#### Raw data:
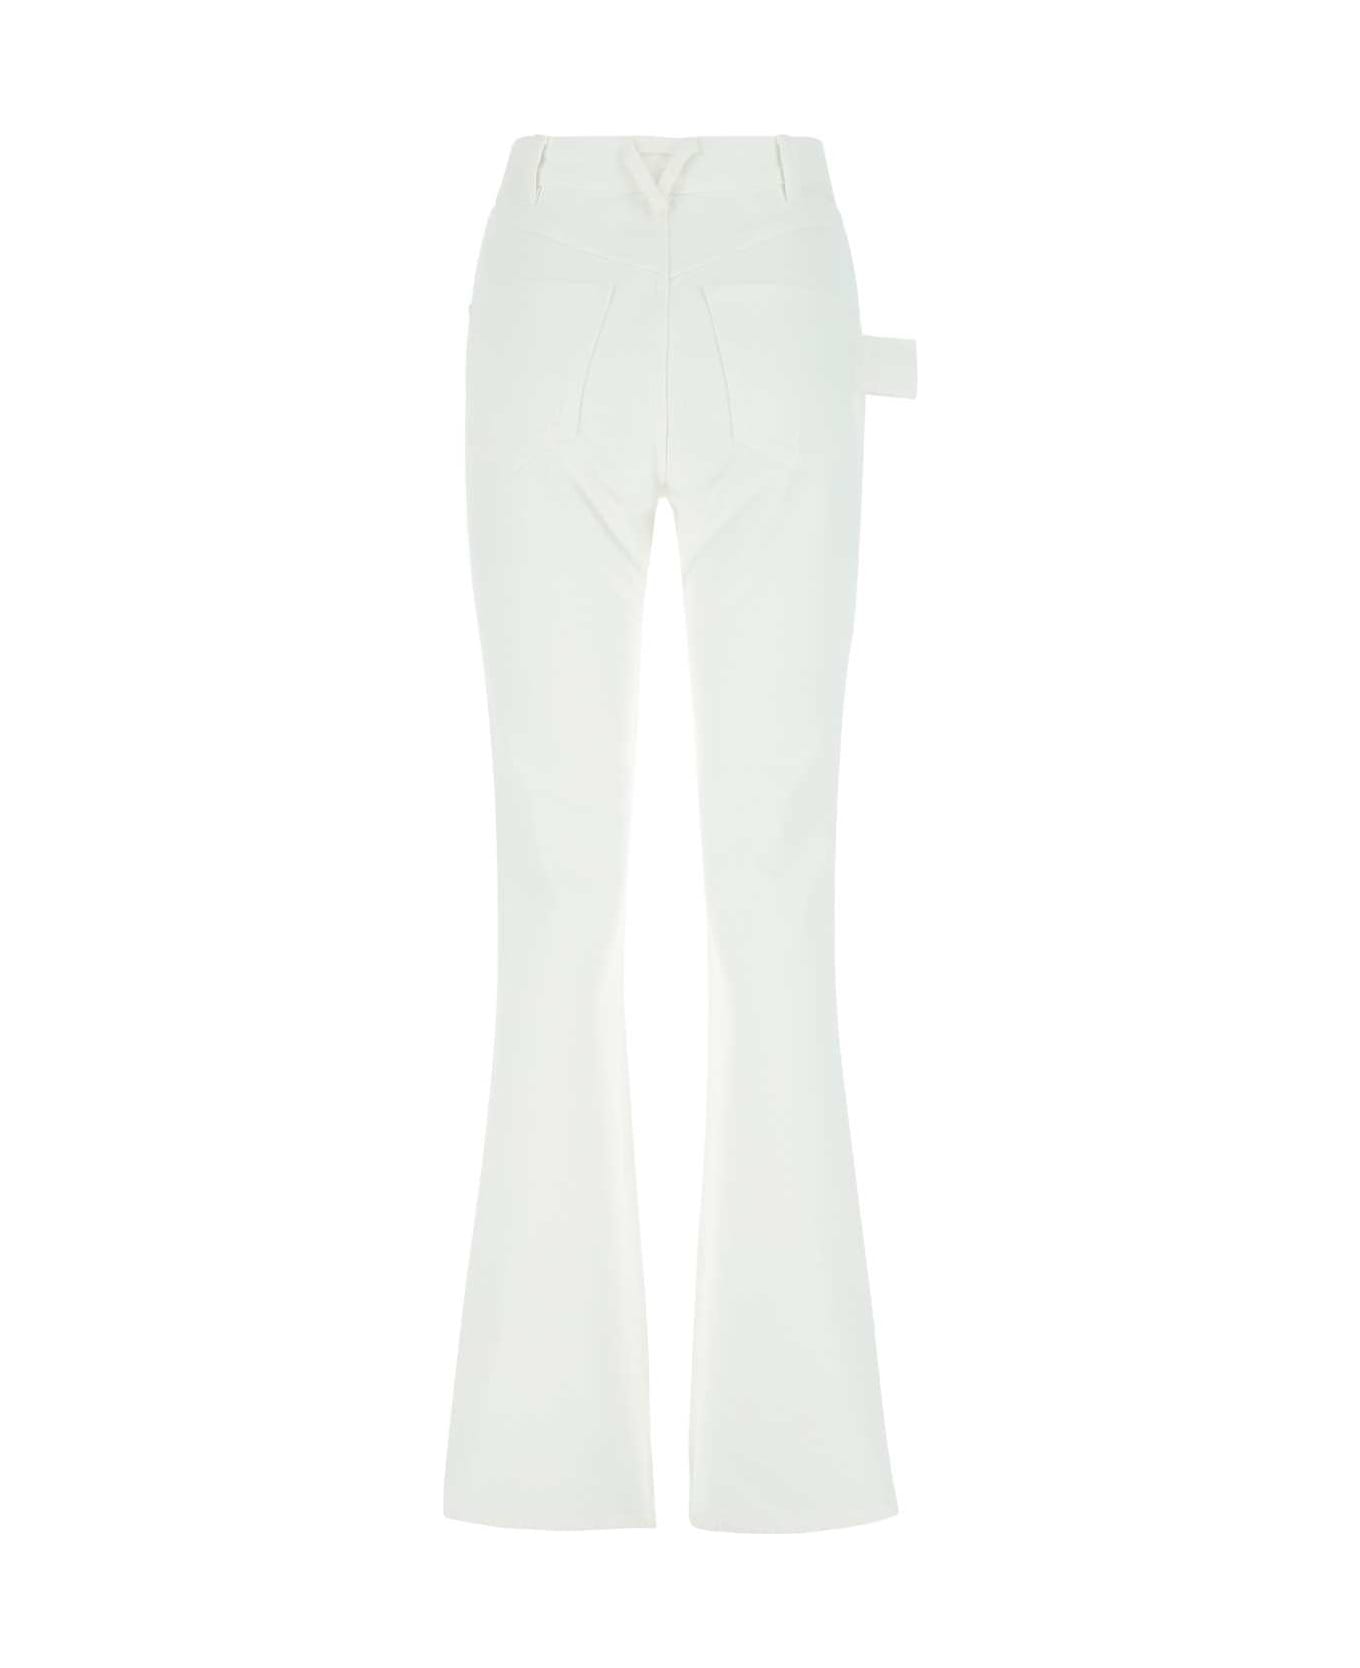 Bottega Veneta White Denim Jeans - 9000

---

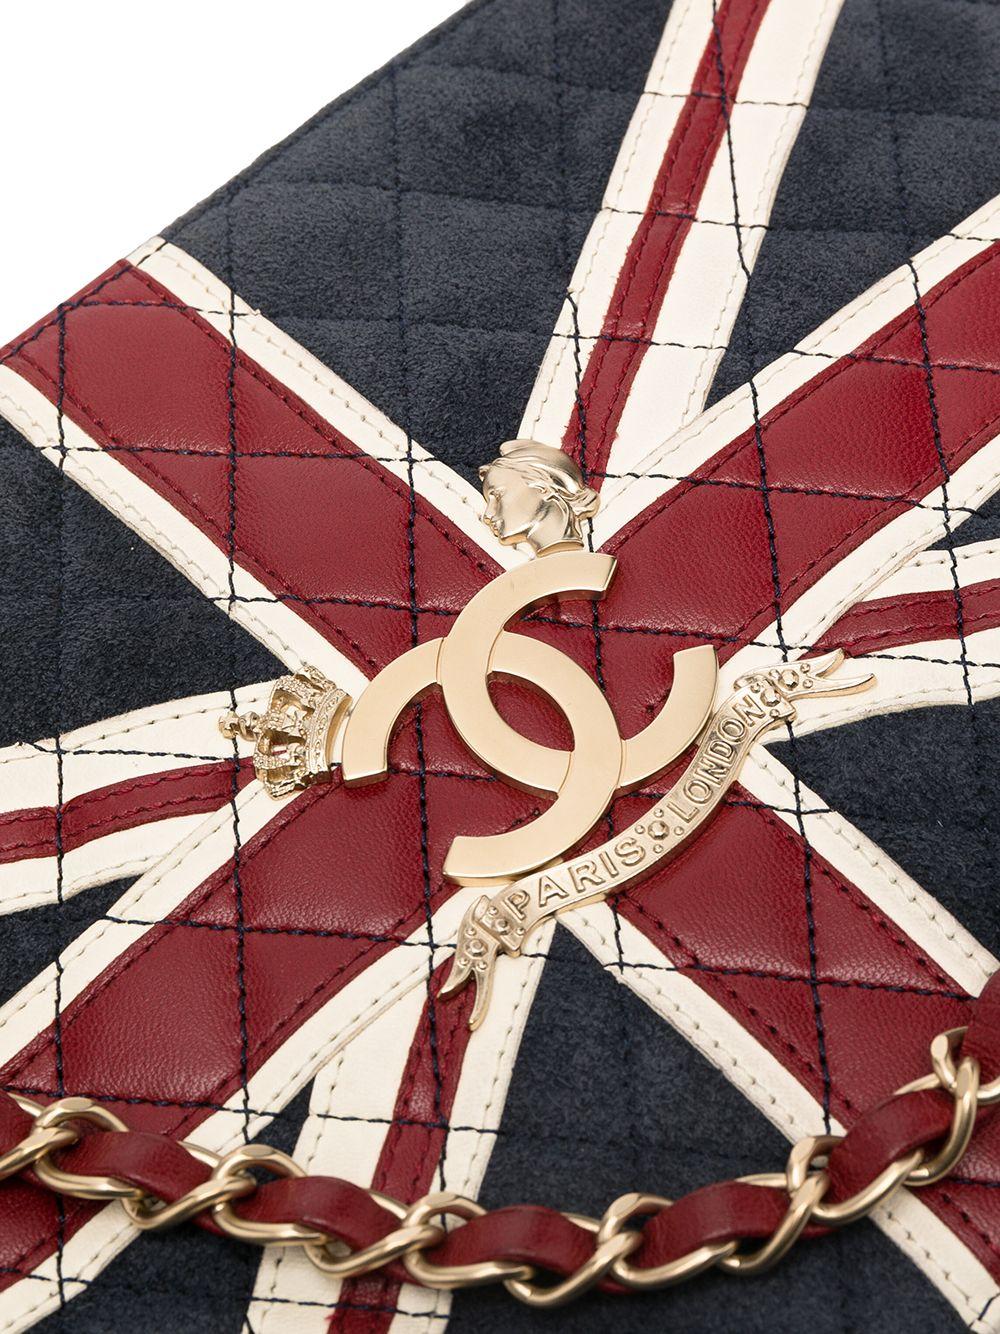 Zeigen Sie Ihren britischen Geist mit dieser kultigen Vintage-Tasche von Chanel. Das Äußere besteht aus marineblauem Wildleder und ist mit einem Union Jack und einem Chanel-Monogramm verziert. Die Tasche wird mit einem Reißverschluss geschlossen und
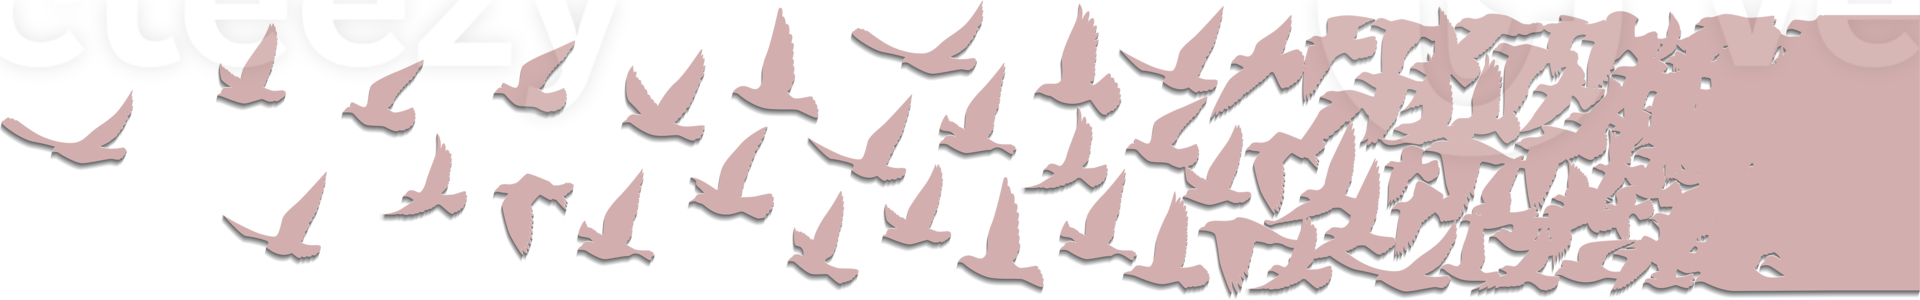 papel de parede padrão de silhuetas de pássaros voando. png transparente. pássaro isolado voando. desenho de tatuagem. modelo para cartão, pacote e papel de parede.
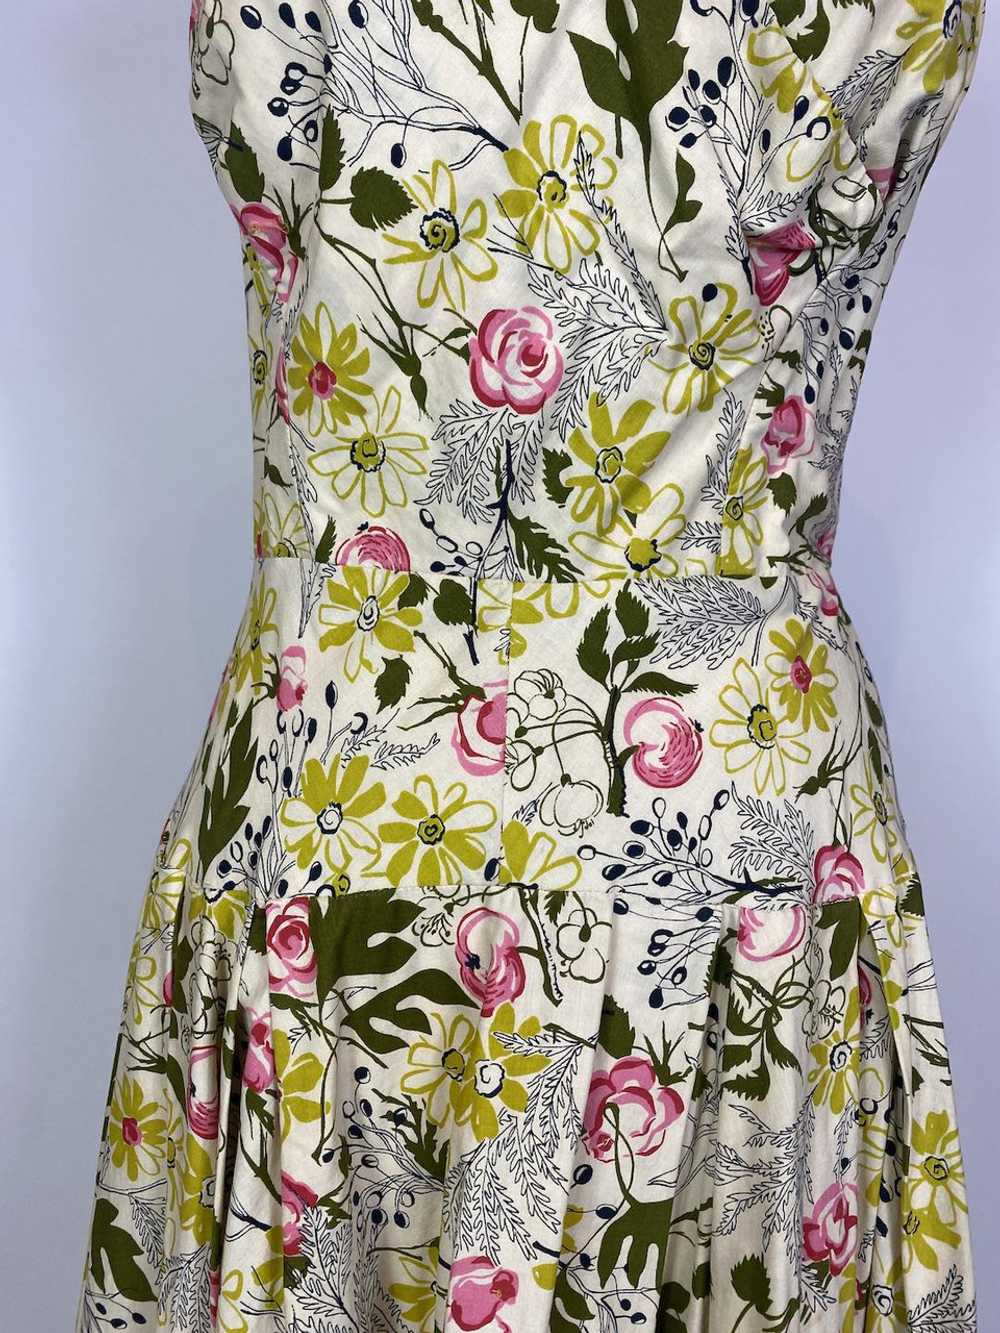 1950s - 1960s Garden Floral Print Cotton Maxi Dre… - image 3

#### Work instructions:
No picture is to be printed. Output exactly the lines above from the line containing "Zeigen Sie Ihren" through the line containing "papel de parede padrão".

#### Solution below:
 Zeigen Sie Ihren britischen Geist mit dieser kultigen Vintage-Tasche von Chanel. Das Äußere besteht aus marineblauem Wildleder und ist mit einem Union Jack und einem Chanel-Monogramm verziert. Die Tasche wird mit einem Reißverschluss geschlossen und
 papel de parede padrão de silhuetas de pássaros voando. png transparente. pássaro isolado voando. desenho de tatuagem. modelo para cartão, pacote e papel de parede.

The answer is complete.